A visual log of loading and precompilation times for many packages over a variety of julia versions

At Julia Ecosystem Benchmarks Explorer you can find detailed benchmarks of loading time for many packages over many different versions of julia, all interactively explorable.

This is the culmination of:

It will be updated daily. Here are a few examples:

I will not have the bandwidth to make improvements to it in the near future, but do not hesitate to submit patches.

21 Likes

Very cool!

I have a few questions:

1 Like

All good points, I should add this to the docs

No. For each historic date I check out the General registry to its state on that date, and set it as the source of truth in the active julia depot. So all version resolutions happen as if it was that date. I manually put bounds on which date corresponds to which julia version, so a julia version is never tested on a General registry state that did not exist during the julia version lifetime.

I use juliaup so I never manually bisected or compiled julia. There are many failures for many packages throughout this dataset, but they are just not visualized. I did not investigate why exactly the failures happen.

All the benchmarks run on a lab server in the back of my office. The historical data (about a 1000 General registry snapshots) took a week or two. Now every night another benchmark run is executed (for lts, nightly, alpha, and release, as defined by juliaup).

That particular server is used for other tasks as well, most of them not computationally intensive. But the benchmarks run at high process priority with reserved resources at night, so hopefully the noise is not too bad.

2 Likes

Aha, I thought the x-axis was a sweep of commits on the julia master branch, not checkout dates of the registry. Ok.

Thankfully for any future entries under the “nightly” label, they will be both. It sounded too difficult to make that happen for historic entries too.

3 Likes

Interesting question how such data can be interpreted when packages get updated over time. You’d assume that new features might add loading time while authors should also try to battle TTFX. The daily nightly measurement that’s starting now should be useful to track behavior of Julia over time. But in the historic data it seems difficult to make assessments. I’ll have to play around a little.

it tracks the end-user experience – “if you used CairoMakie 1 year ago and thought it was fast, it’s slower now”

3 Likes

Sure but I’d want to know whose fault it is :grinning_face_with_smiling_eyes:

2 Likes

Here’s an alternative visualization. I thought that it might make sense to normalize because the packages and workloads are so different. So I took the median of a given metric within each package/workload/julia group, then rescaled those medians within each package group by dividing with the maximum value. So each package has values going up to 1 with the relative proportions between the values staying intact. The thick dots are then means over all those values for a given julia version, the small dots are the values making up the means.
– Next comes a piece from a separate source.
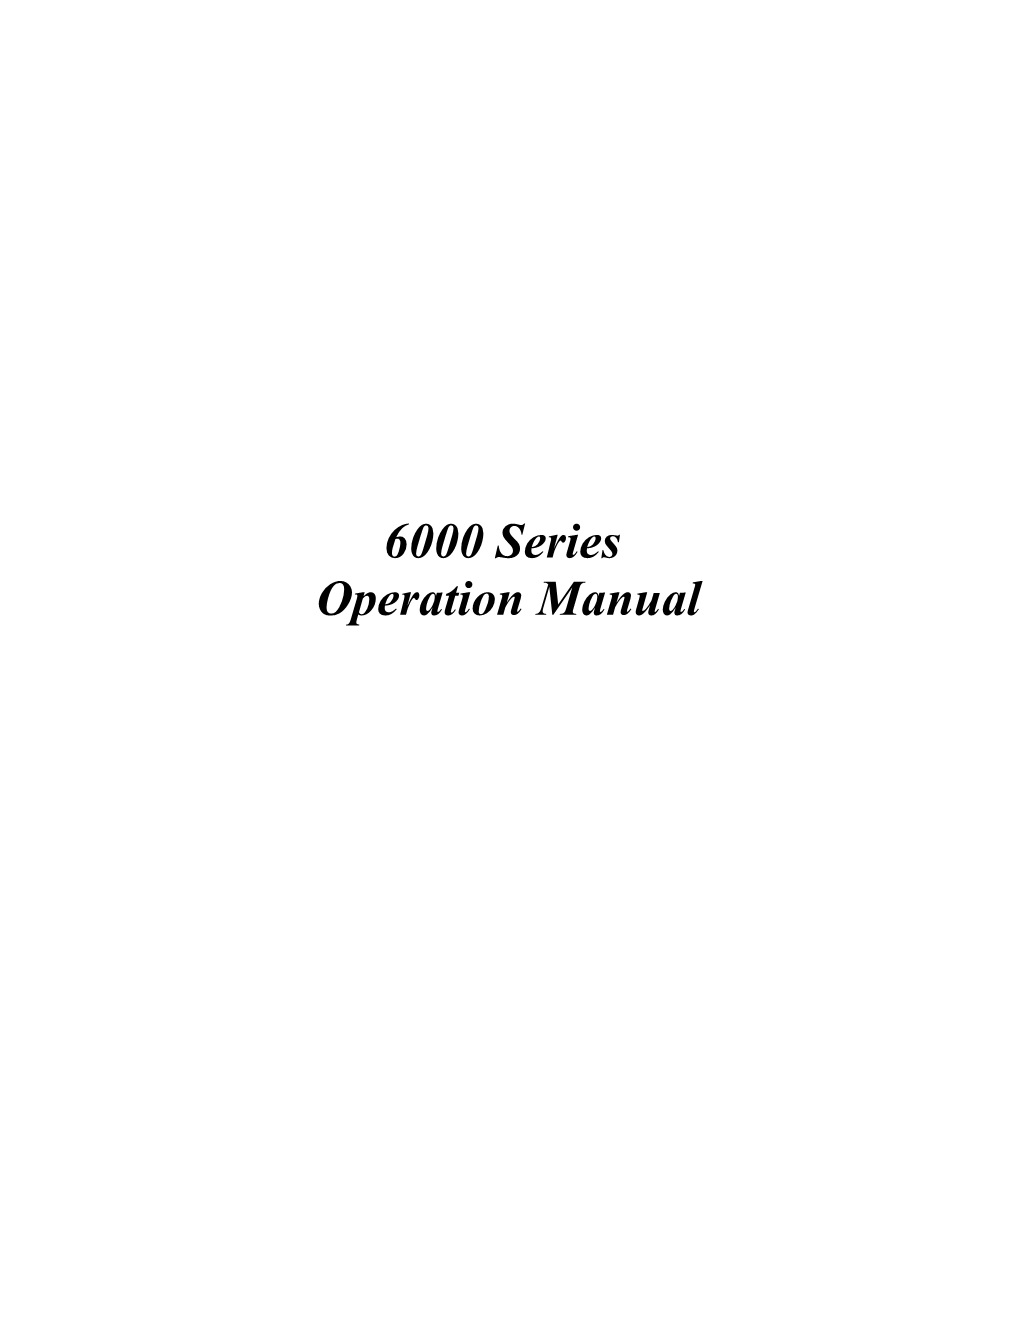 6000 Series Operation Manual

There’s still considerable variation and I’m not sure if another way of normalization might be better, but at least it does reduce the impact of the different orders of magnitude of the workloads. Maybe scaling by a reference version like latest release would also work.

using CSV
using Chain
using CairoMakie
using AlgebraOfGraphics
using DataFrames
using DataFrameMacros
using StatsBase
using Downloads
using SwarmMakie # ]add SwarmMakie#jkrumbiegel-patch-1

##

df = @chain begin
    "https://raw.githubusercontent.com/JuliaEcosystemBenchmarks/julia-ecosystem-benchmarks/refs/heads/jeb_logs/data/Julia-TTFX-Snippets/ttfx_snippets_data.csv"
    Downloads.download
    CSV.read(DataFrame)
end

variables = ["precompile_time", "precompile_cpu", "precompile_resident", "loading_time", "task_time", "task_cpu", "task_resident"]

spec = sum(variables) do var
    stat = median
    stat_var = "$(stat)_$var"
    stat_var_norm = "$(stat_var)_normalized"
    stat_var_norm_mean = "$(stat_var_norm)_mean"
    @chain begin
        df
        @groupby :package_name :julia_version :task_name
        @combine stat_var = median({var})
        @subset :julia_version ∉ ("alpha", "release", "lts", "nightly")
        @groupby :package_name :task_name
        @transform stat_var_norm = @bycol {stat_var} ./ maximum({stat_var})
        @aside combined = @combine (@groupby _ :julia_version) mean({stat_var_norm})
        (
            data(combined) *
                (
                    mapping(:julia_version, stat_var_norm_mean => "") *
                    visual(Scatter)
                ) +
            data(_) *
                mapping(:julia_version, stat_var_norm => "normalized median") *
                visual(Beeswarm, markersize = 4, alpha = 0.5)
        ) *
            mapping(color = :julia_version => (s -> match(r"\d\.\d+", s).match) => "minor version") *
            mapping(layout = direct(var))
    end
end |> draw(; axis = (; width = 200, height = 200, xticklabelsvisible = false))
7 Likes